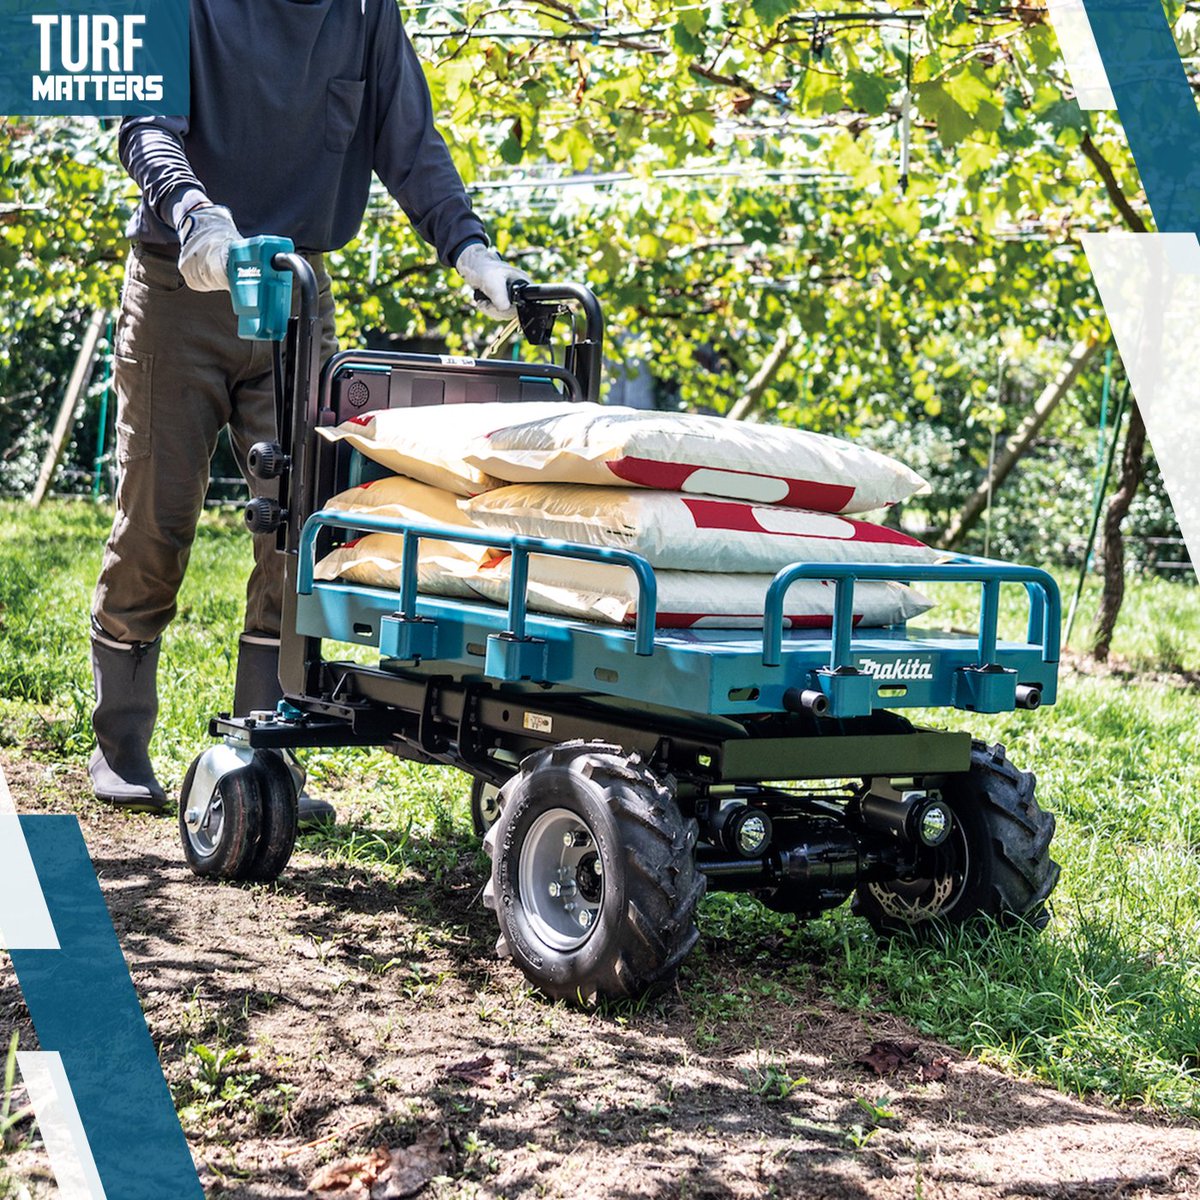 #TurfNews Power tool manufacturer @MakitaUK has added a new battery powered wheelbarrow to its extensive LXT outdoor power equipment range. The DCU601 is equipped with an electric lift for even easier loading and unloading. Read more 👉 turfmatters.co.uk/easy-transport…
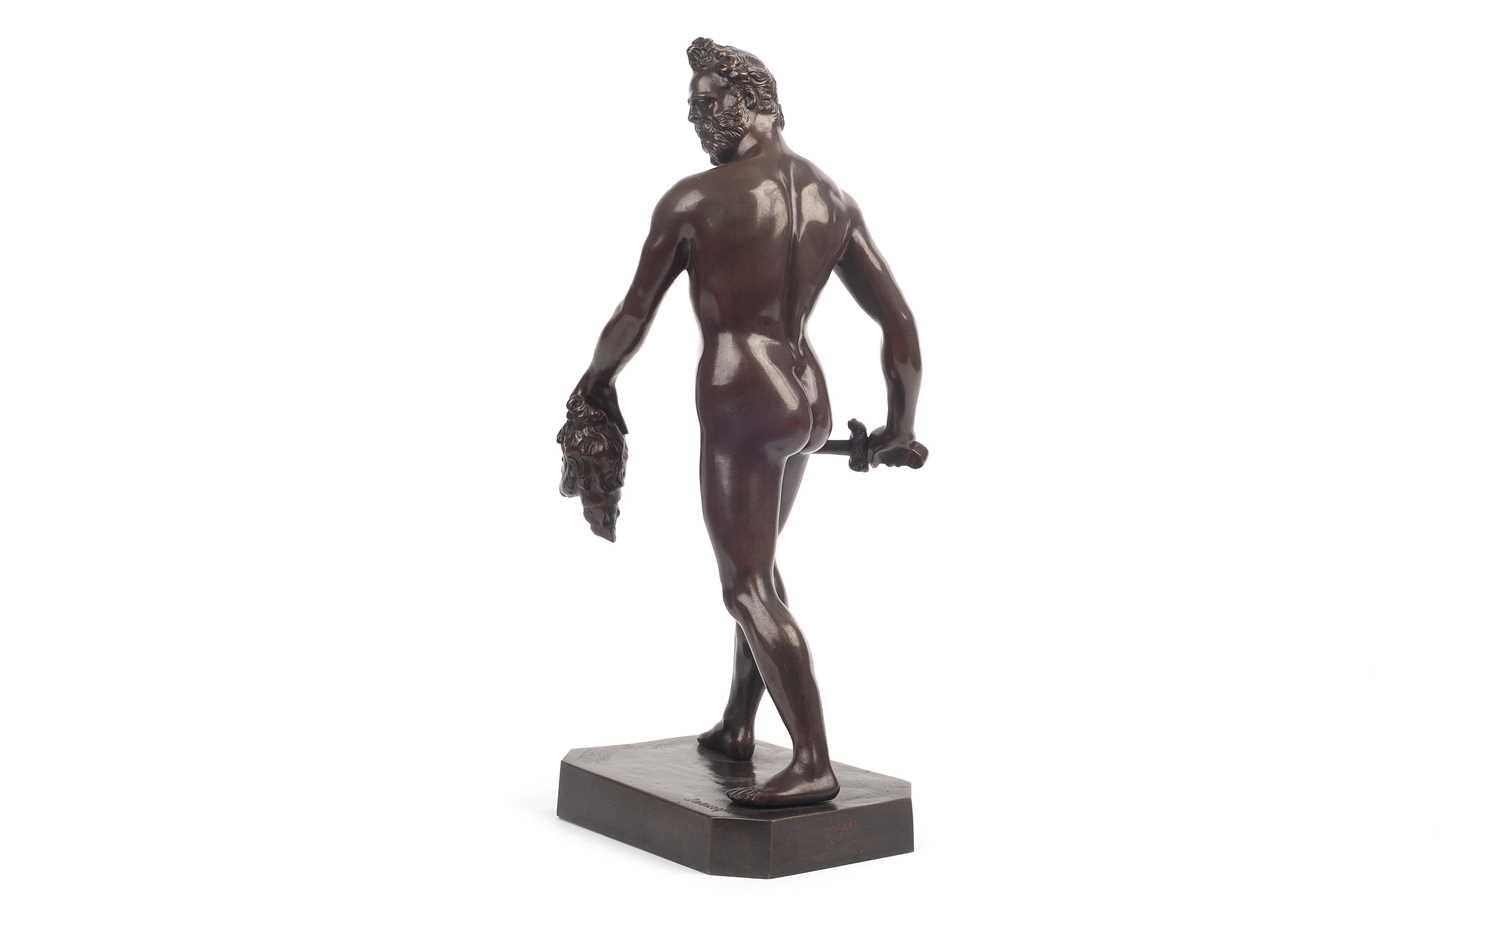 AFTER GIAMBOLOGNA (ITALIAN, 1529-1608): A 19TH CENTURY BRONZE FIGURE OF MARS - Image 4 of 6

---

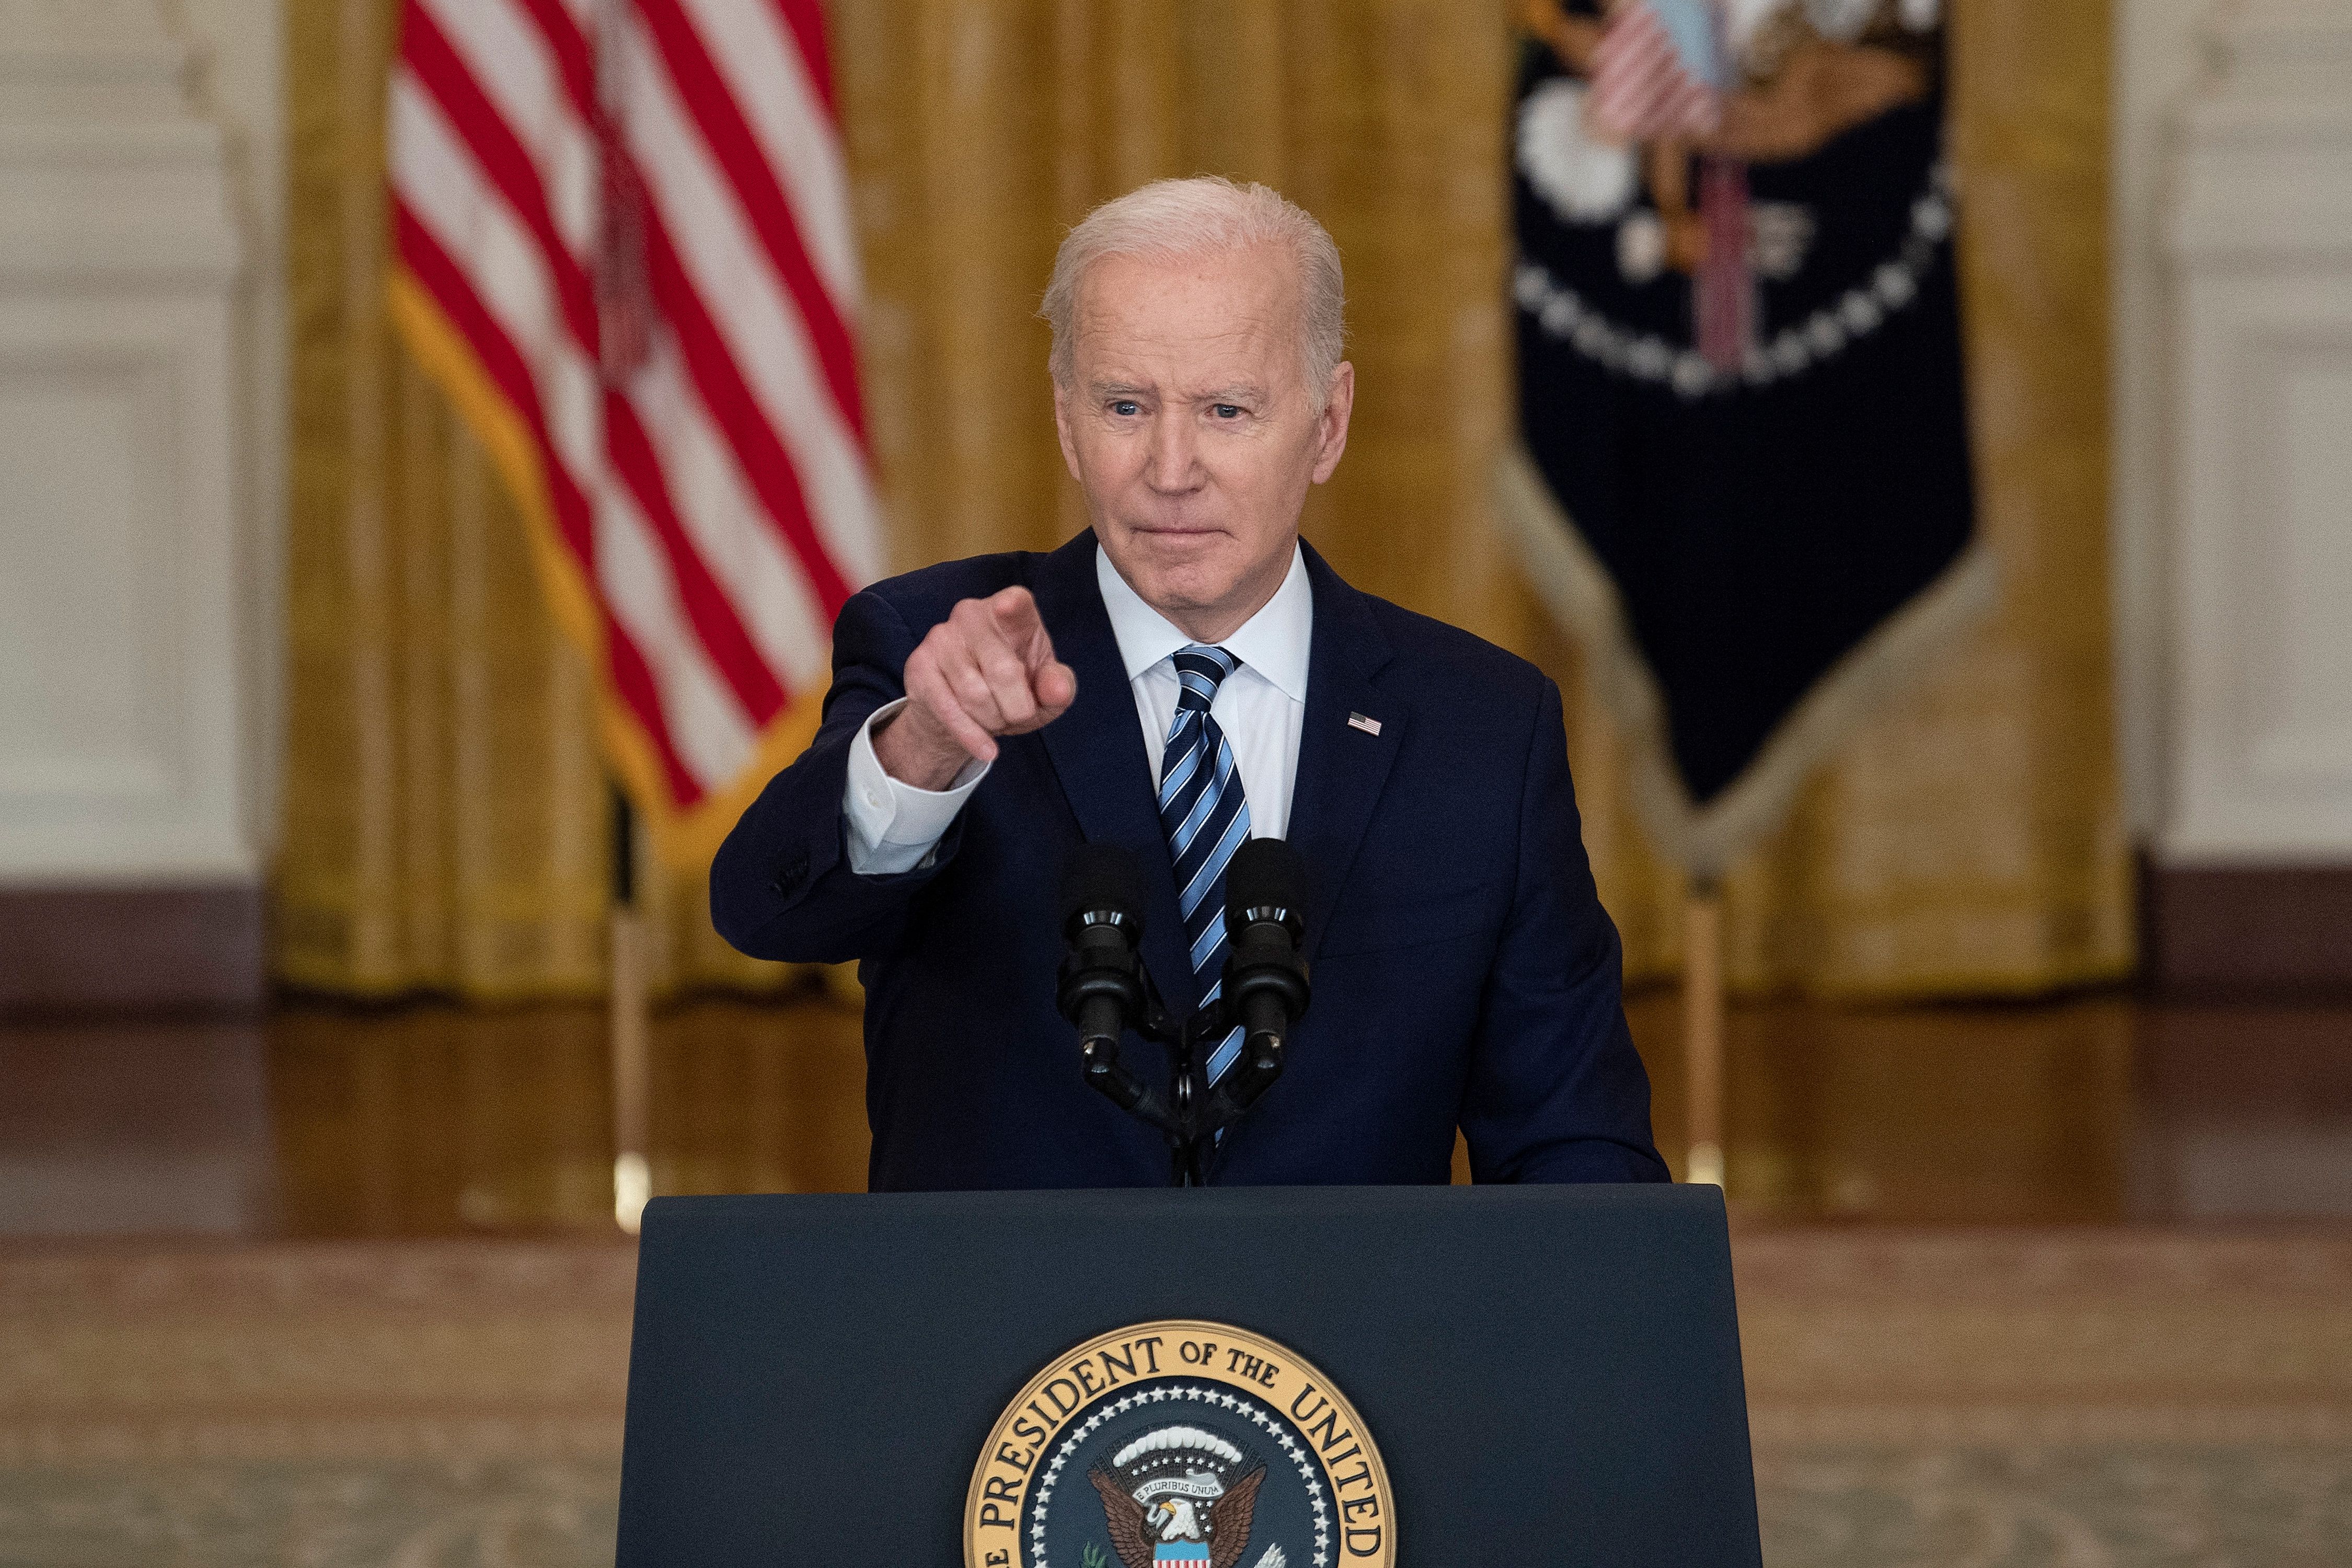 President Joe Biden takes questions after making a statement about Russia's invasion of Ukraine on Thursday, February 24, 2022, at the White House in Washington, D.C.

> TRY IT: Using the data above, output the line that has "#TurfNews Power tool", the line that has "AFTER GIAMBOLOGNA (ITALIAN, 1529-1608): A", and whatever lines fall between, each exactly as it stands and without pictures.

> EXERCISE ANSWER:
 #TurfNews Power tool manufacturer @MakitaUK has added a new battery powered wheelbarrow to its extensive LXT outdoor power equipment range. The DCU601 is equipped with an electric lift for even easier loading and unloading. Read more 👉 turfmatters.co.uk/easy-transport…
 AFTER GIAMBOLOGNA (ITALIAN, 1529-1608): A 19TH CENTURY BRONZE FIGURE OF MARS - Image 4 of 6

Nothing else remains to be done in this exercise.